Şairin çizdiği şiirsel cennet ve cehennem imgesi, ayrılışı "Baladın" diğer satırlarıyla karşılaştırılan uysal bir kişi tarafından anlaşılamaz:

Ve tellerin arasından geçen melekler
Şehrin yükseklerine doğru havalanıyorlar.
Yani Venedik meydanlarından
Güvercinler ürkek uçuyordu...

Şairin kendisi dünyayı tamamen terk etmesine neden olur: Melekleri bir kırbaçla uzaklaştırır ve tuhaf sözlerle kolsuz adamı uzaklaştırır.
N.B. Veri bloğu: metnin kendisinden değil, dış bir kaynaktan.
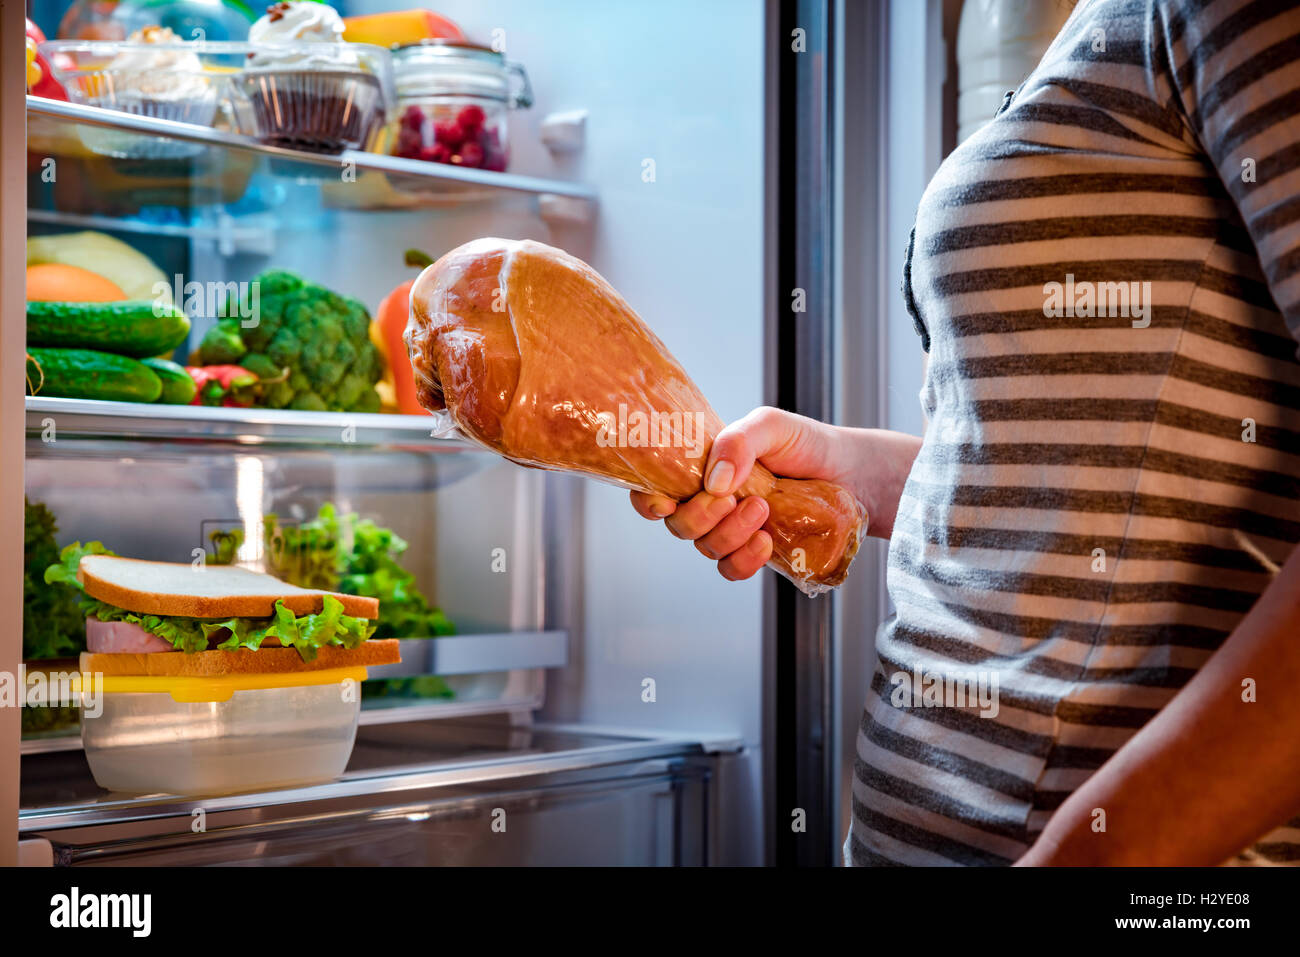 Hungrig, dicke Frau, eine große Putenschenkeln in den Händen hält und neben dem offenen Kühlschrank steht. Ungesunde Lebensmittel. Stockfoto

Uçan melekler güvercinlere benzer ve bu benzerlik lirik kahramanın Venedik'e taşınmasına ve geçmişe dalmasına olanak tanır. “Ballad”daki mekanların her biri dikeylik esasına göre kurgulanmıştır. Lirik kahraman ile kolsuz adamın buluşması şairin “yüksek” konumu açısından verilmektedir. Cehennem ve cennet, "en soğuk yüksekliklerin" kolsuz adama ve karısına, en alttakilerin ise lirik "Ben"e ait olduğu bir dikey oluşturur. Son dörtlük, trajik bir şekilde uysal adamı yükselten ve kahramanı alçaltan kolsuz şairin reddedildiğini ortaya koyuyor. Venedik'in alanı da dikeydir: Korkmuş güvercinler "sevgililerinin ayaklarından" yukarı doğru uçarlar.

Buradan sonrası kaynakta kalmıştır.